NetworkingCCNA

First Hop Redundancy Protocols (HSRP, VRRP, GLBP) Explained for CCNA

Devices on a network are configured with one default gateway address. The moment that gateway router fails, every device on the segment loses its internet connection, even if a backup router is sitting right there on the same LAN ready to help. First Hop Redundancy Protocols solve this by making two or more routers share a single virtual IP and MAC address. Devices talk to the virtual gateway and never need to know which physical router is currently handling traffic. On CCNA, HSRP is tested most heavily: you need to understand the election, the preemption behavior, and why the default settings can surprise you.

7 min
3 sections · 6 exam key points

The problem FHRPs solve

End hosts are configured with one default gateway IP. They do not monitor whether that gateway is alive. If the router with that IP fails, packets pile up with nowhere to go. Reconfiguring every host with a new gateway address is not a realistic option in a production network.

FHRPs solve this by presenting a virtual IP address that is never tied to any physical router. Two or more routers share this virtual identity. One is active and handles traffic. The other watches and waits. If the active router fails, the standby takes over and begins responding to ARP for the virtual IP. From the hosts' perspective, the gateway never changed.

HSRP, VRRP, and GLBP

HSRP (Hot Standby Router Protocol) is Cisco-proprietary. Routers exchange Hello messages every 3 seconds. If a standby router does not hear from the active router for 10 seconds (the hold timer), it takes over. The router with the highest HSRP priority becomes active. Default priority is 100. Ties break on the highest interface IP address.

Preemption is disabled by default in HSRP, and this catches many engineers off guard. If the active router fails and the standby takes over, then the original active router recovers with higher priority, it will NOT reclaim the active role unless standby preempt is configured. Without preemption, the current active router stays active regardless of priority.

VRRP (Virtual Router Redundancy Protocol) is the open standard equivalent. It uses the same active/standby concept (called Master and Backup) but preemption is enabled by default, the opposite of HSRP. VRRP works across different vendors.

GLBP (Gateway Load Balancing Protocol) is Cisco-proprietary and adds load balancing to the concept. All GLBP routers share the same virtual IP but each is assigned a different virtual MAC address. The AVG (Active Virtual Gateway) assigns MACs to forwarding routers called AVFs (Active Virtual Forwarders). Different hosts get different virtual MACs, so traffic distributes across all routers simultaneously instead of one active and the rest idle.

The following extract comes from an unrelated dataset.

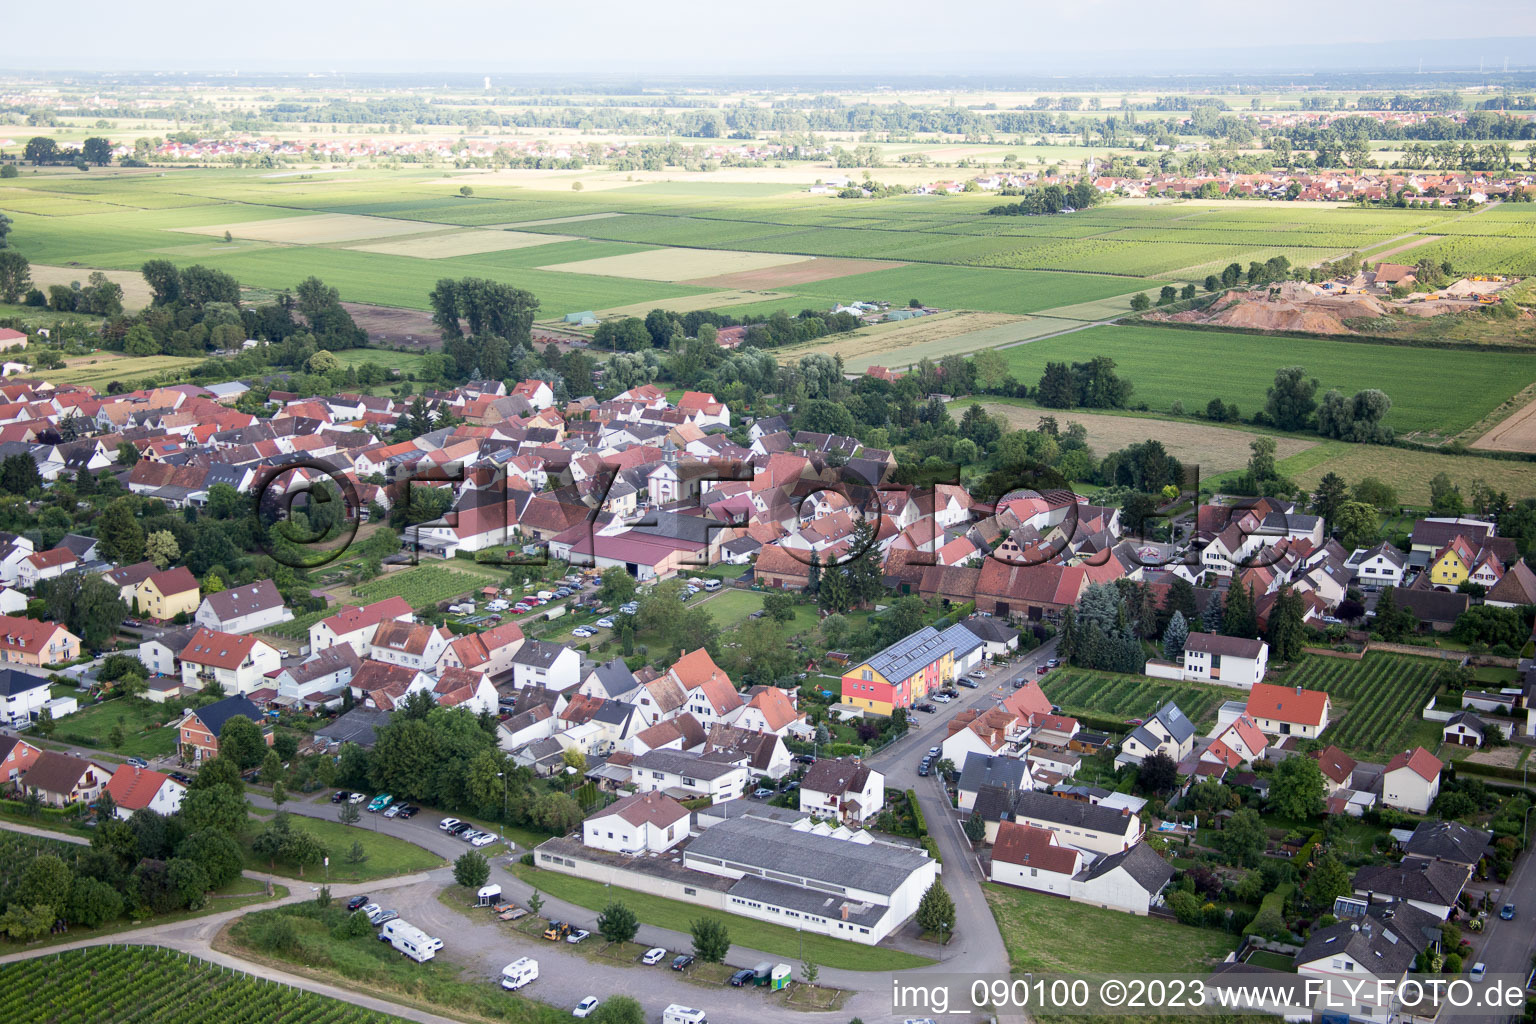 Ortsteil Duttweiler in Neustadt an der Weinstraße im Bundesland Rheinland-Pfalz, Deutschland aus der Drohnenperspektive

How to choose the correct answer

HSRP preemption: disabled by default. A returning high-priority router will NOT retake active without standby preempt configured. This is frequently tested as a troubleshooting scenario.

Protocol selection: Cisco-only, basic redundancy = HSRP. Open standard, multi-vendor = VRRP. Load balancing across multiple gateways simultaneously = GLBP.

HSRP election: highest priority wins. Default 100. Tie = highest IP on the HSRP interface.

Virtual MAC addresses: HSRP v1 = 0000.0C07.ACxx where xx is the group number. HSRP v2 = 0000.0C9F.Fxxx. VRRP = 0000.5E00.01xx.

FHRP comparison

ProtocolStandardRolesPreemption defaultLoad balancing?
HSRP v1/v2Cisco proprietaryActive / StandbyDisabledNo
VRRPOpen standard (RFC 5798)Master / BackupEnabledNo
GLBPCisco proprietaryAVG / AVFEnabledYes

Key exam facts — CCNA

  • FHRPs present a virtual IP and MAC so hosts always have a reachable gateway.
  • HSRP: Active/Standby. Highest priority wins (default 100). Tie = highest IP.
  • HSRP preemption: DISABLED by default. Configure standby preempt to re-enable active role on recovery.
  • VRRP: open standard. Master/Backup. Preemption enabled by default.
  • GLBP: load balances across all routers simultaneously using different virtual MACs per router.
  • HSRP Hello = 3 seconds. Hold timer = 10 seconds (3x Hello).

Common exam traps

HSRP preemption is enabled by default.

HSRP preemption is disabled by default. A higher-priority router that comes online after a lower-priority router has already become active will NOT take over the active role. You must explicitly configure standby preempt on the higher-priority router.

VRRP is Cisco-proprietary like HSRP.

VRRP (RFC 5798) is an open standard that works across multiple vendors. HSRP and GLBP are both Cisco-proprietary. VRRP is the correct choice when your network includes routers from different manufacturers.

HSRP provides load balancing by distributing traffic across active and standby routers.

HSRP has exactly one active router at a time. The standby router handles zero production traffic. GLBP provides actual simultaneous load balancing by making all participating routers active forwarders with different virtual MACs.